I was in a bit of a funk several days ago when I was invited to a local car show here in Orange County at the proverbial crack of dawn. “Maybe” was my response to the invite from my friend when he sent me the email telling me about the show. About the same time,  I read a blog post by Scott Borne who is a photographer who I have only recently heard of but have really “connected” to via his blog, photofocus,  and other articles.  This particular post was called “12 tips for car show photographers and a second post was about why fast glass matters was about shooting cars with wide apertures and why you needed to use something other than a wide angle lens.. He talked about  using cropping and strong lines to make art instead of snap shots. This kinda of clicked with me on several levels since I have been a car enthusiast for years. Car show? blog? hmm.. a way to get out of a creative funk? Possibly.

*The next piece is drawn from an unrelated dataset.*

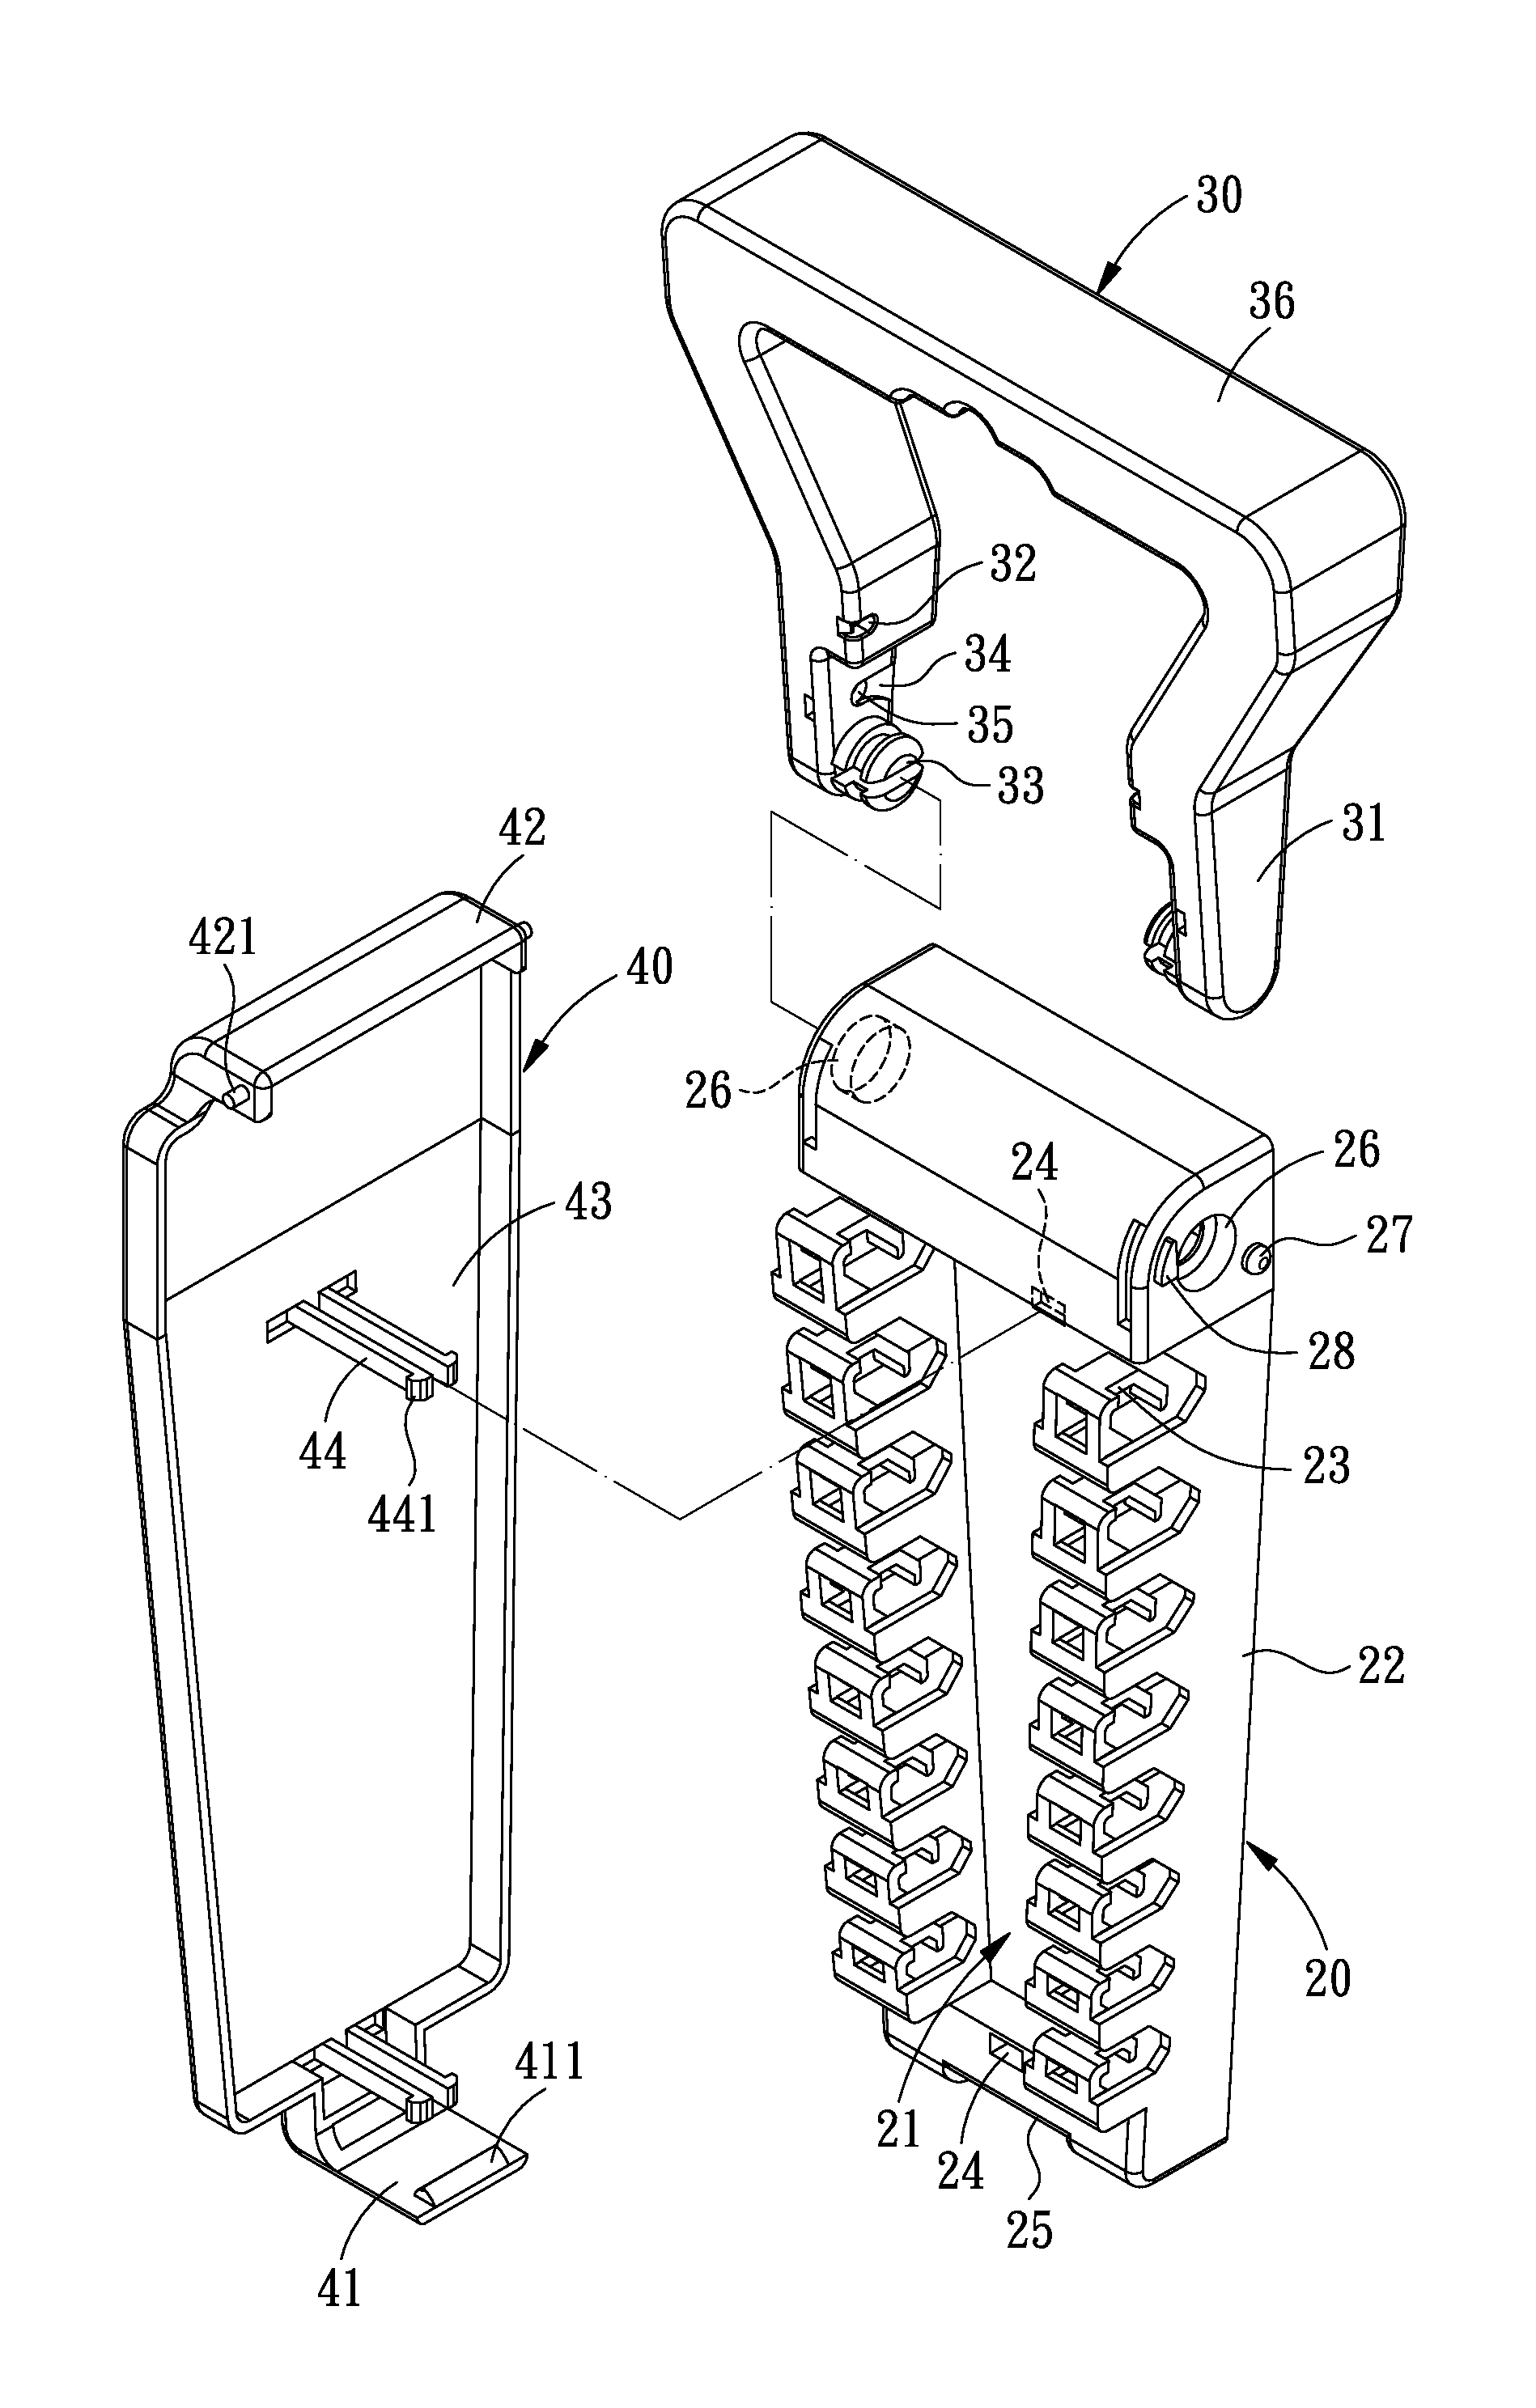 Locking structure for a tool box

So I found myself getting up at 5AM to meet my friend at the Irvine Cars and Coffee meet and greet along with my Nikon D300 and my 17-55mm F2.8. It did not start off in a  very promising way or so I thought, the light sucked, the coffee was weak, I had more excuses than carter has pills. But, I stuck with it and starting to shoot. And it was hard, harder than I thought it would be. But as the morning wore on, I really started to get into a nice rhythm and feeling like I starting to get traction for some nice “keeper” shots.

Here are some of my results from breaking out of a creative funk with some help from a blog entry.

Like I said, getting this pictures was harder than I thought it would be. I really had to look at the subject very differently and shoot a bit differently that what I am used to shooting for the majority of the time. With the shallow DOF, I had to nail the focus on the money so I was using my spot focus mode. I paid very close attention to my histogram to make sure I was not blowing out the highlights at all, I needed all the information I could get since I wanted to have a very saturated look. Angles were everything and I made a point of getting all the way down on my butt, stomach or standing on something to get up then down. Anything to get away from the normal 5 foot high shooting position. I also went in very tight alot both in camera and in post on a couple of images. A tight crop can work wonders on art like this.

My lighting was very overcast which at first I was cursing under my breath, ok, maybe out loud some too, till I understood that the very flat light would help a lot in keeping the image’s contrast flat till I brought it up in post to exactly where I wanted it. It did mean I had to shoot with a relatively high ISO even with a F2.8 aperture. So noise reduction software was a much to clean up the images. High pass filtering was used to really get the images to “snap” and show off nice sharp lines. I used LR3 for the majority of my post work and CS4 for the final touch up and finishing.

In the end, I had alot of fun at the car show, I got some cool images and made a few new friends and managed to get out of my funk. I meet a couple of car owners who I gave a few images to to thank them for letting really get up close to shoot their cars. In both cases, the owners were intrigued by what they saw as very weird angles until I showed them the images on the camera. So not only was I able to get out of my funk, I managed to make a few business contacts too. This was a win -win day for me all the way around, I just had to embrace it.